_About this task:_
Every line below is to be set down again exactly; any image stays out.

_Given data:_
====

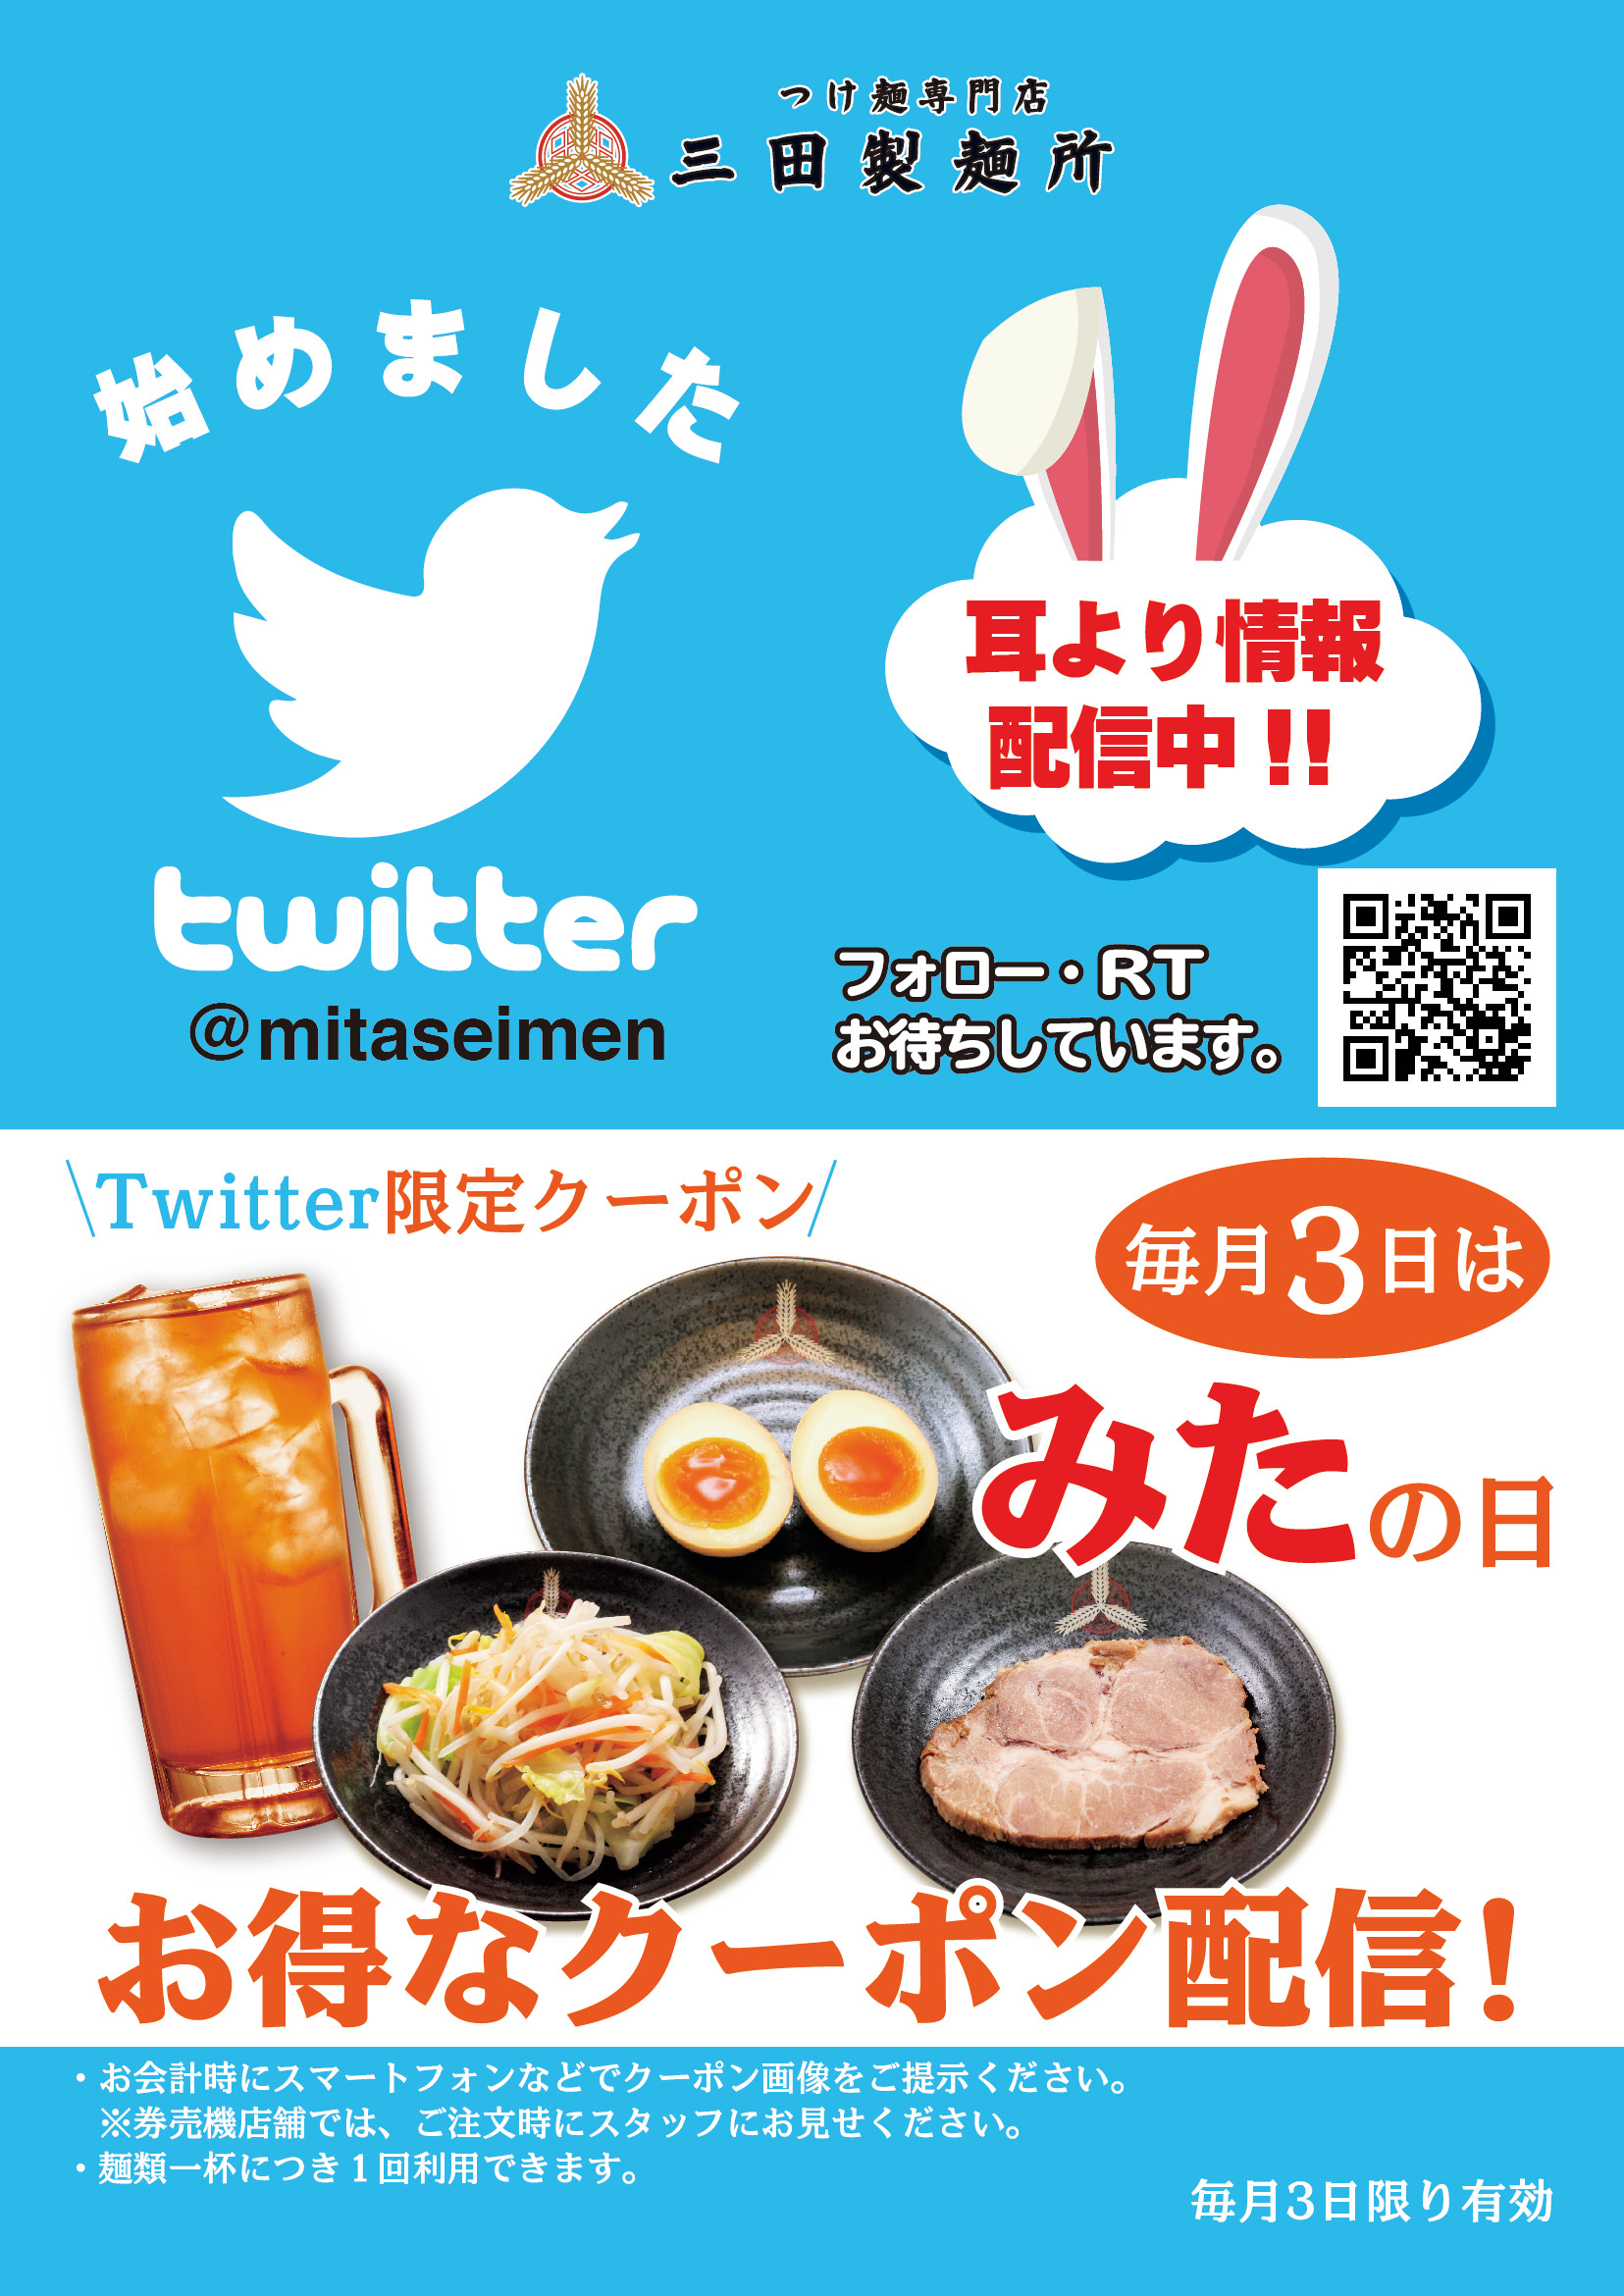 リンツ、春休みに親子で楽しむエッグハントイベントを
3月30日、東京ドームシティ ラクーアで初開催！
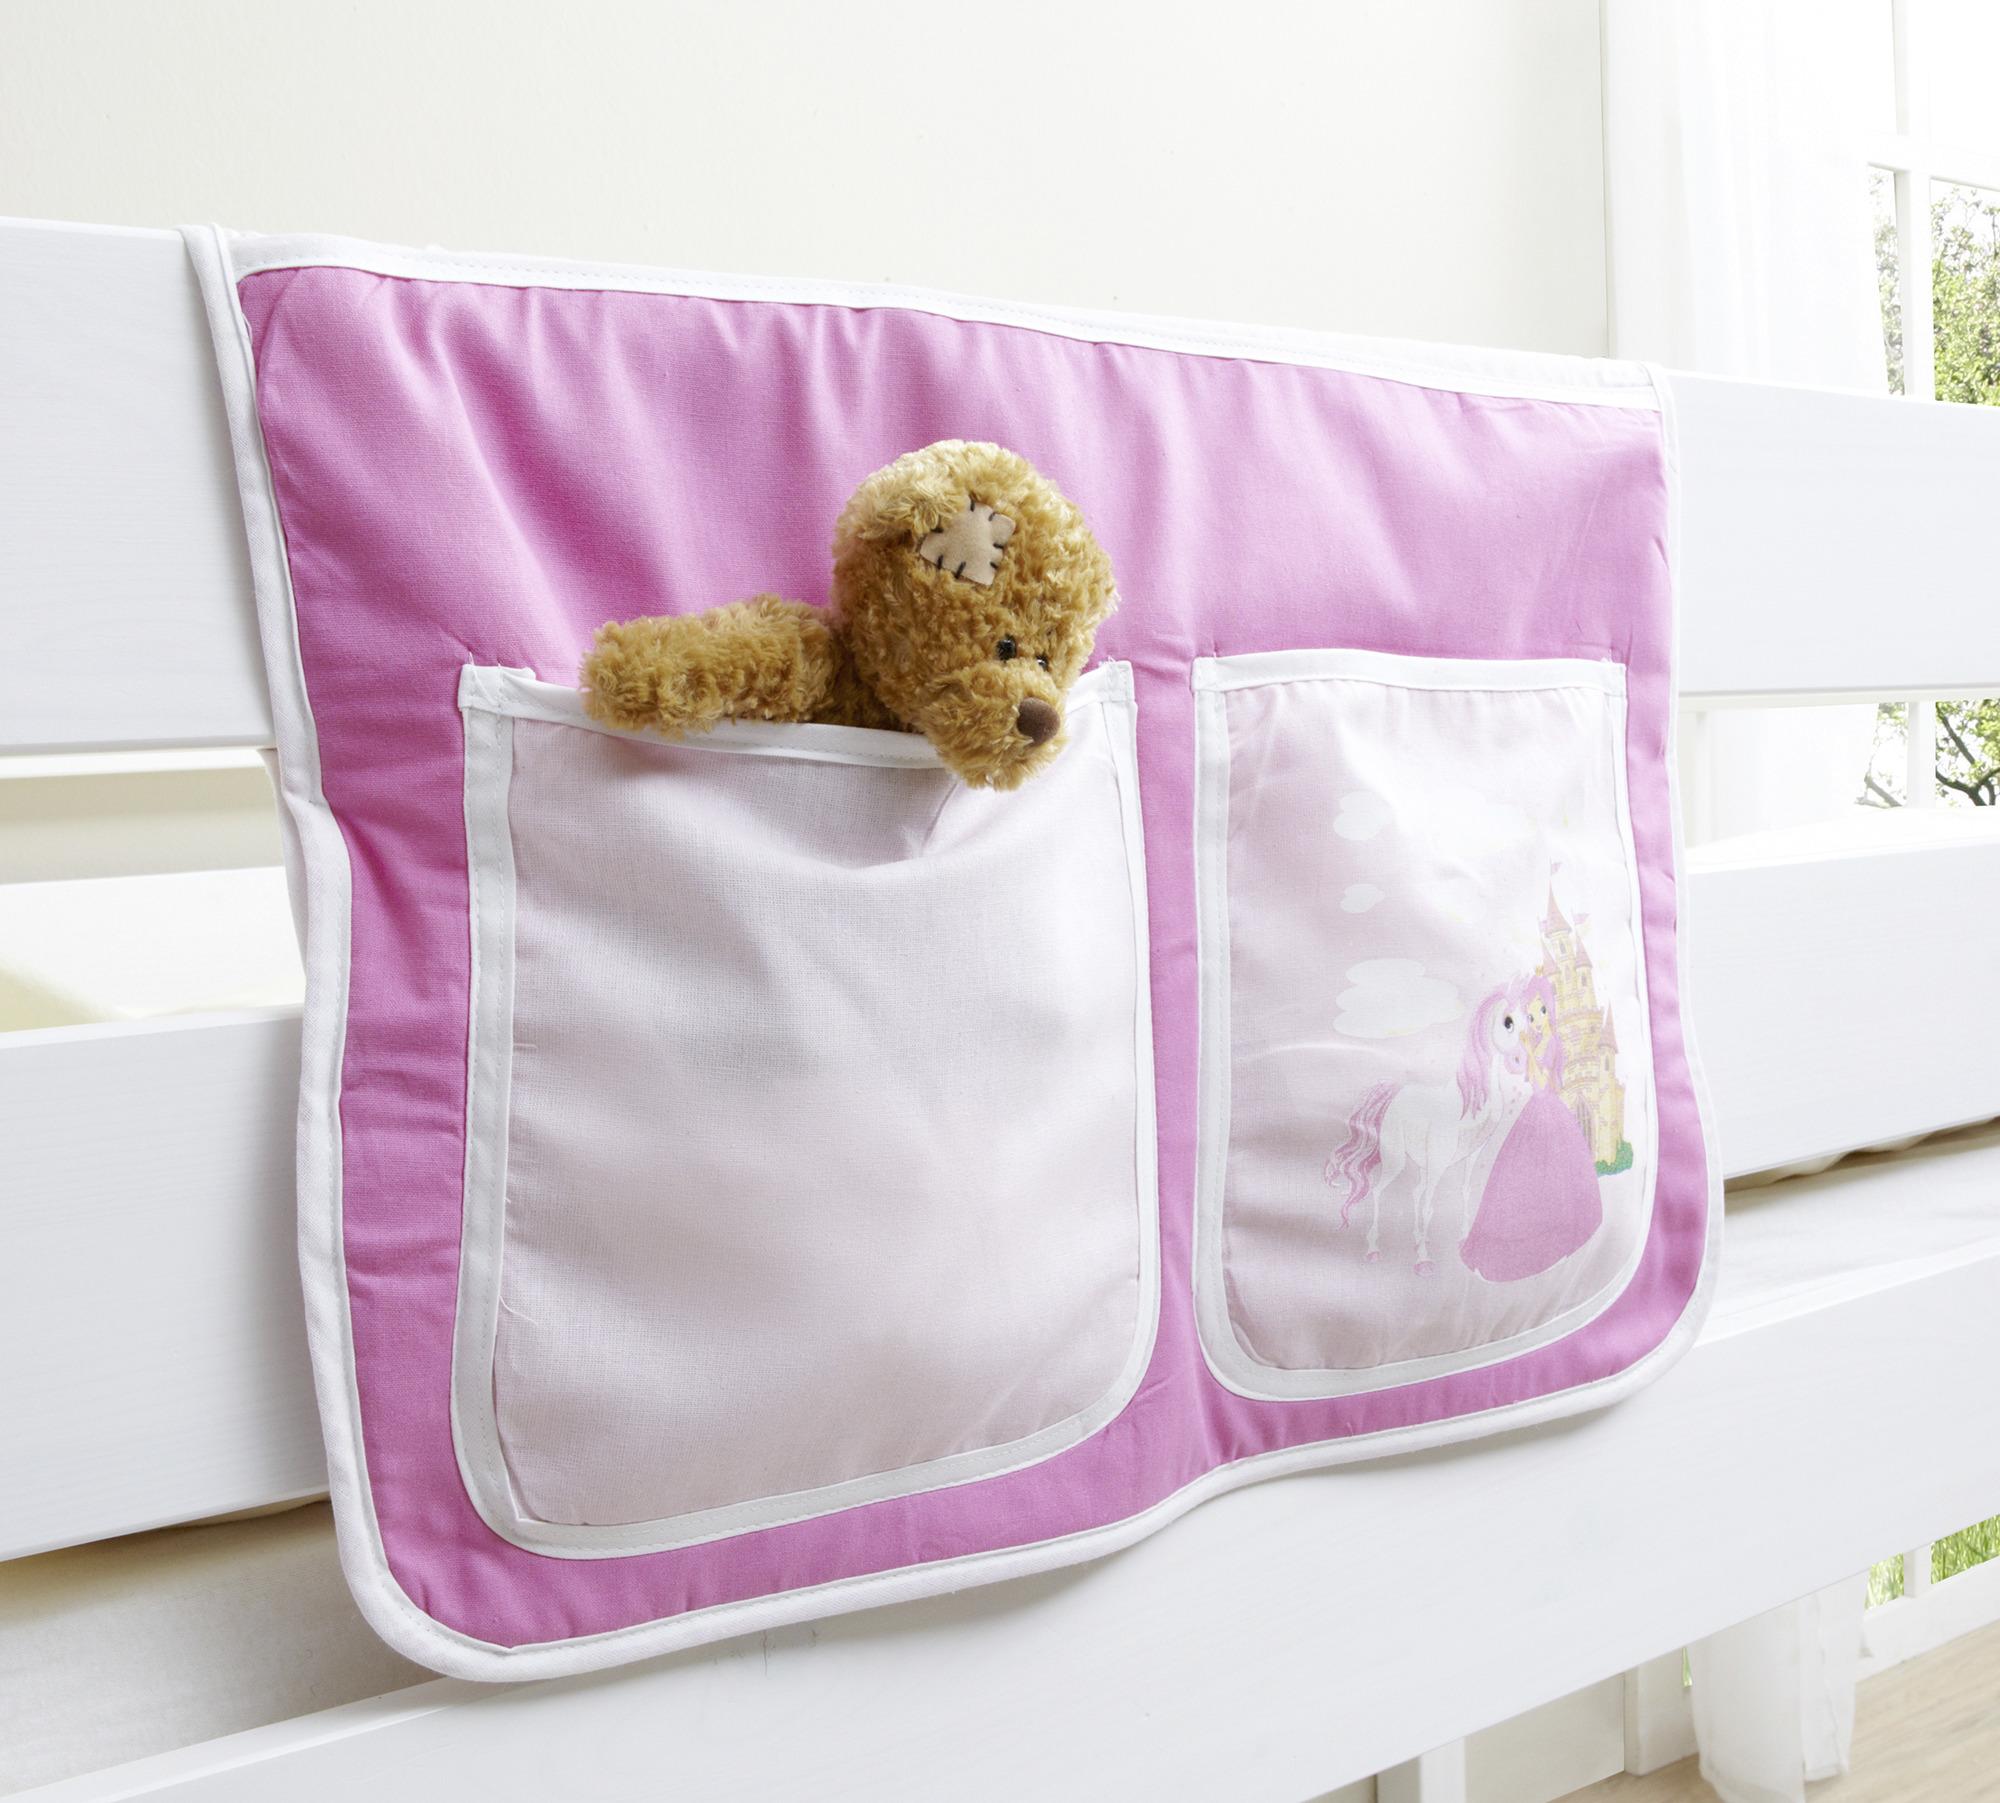 Betttasche "Stofftasche", pink - Pink, KONVENTIONELL, Textil (56/32/2cm) - MID.YOU

====

_Expected output:_
 リンツ、春休みに親子で楽しむエッグハントイベントを
3月30日、東京ドームシティ ラクーアで初開催！
 Betttasche "Stofftasche", pink - Pink, KONVENTIONELL, Textil (56/32/2cm) - MID.YOU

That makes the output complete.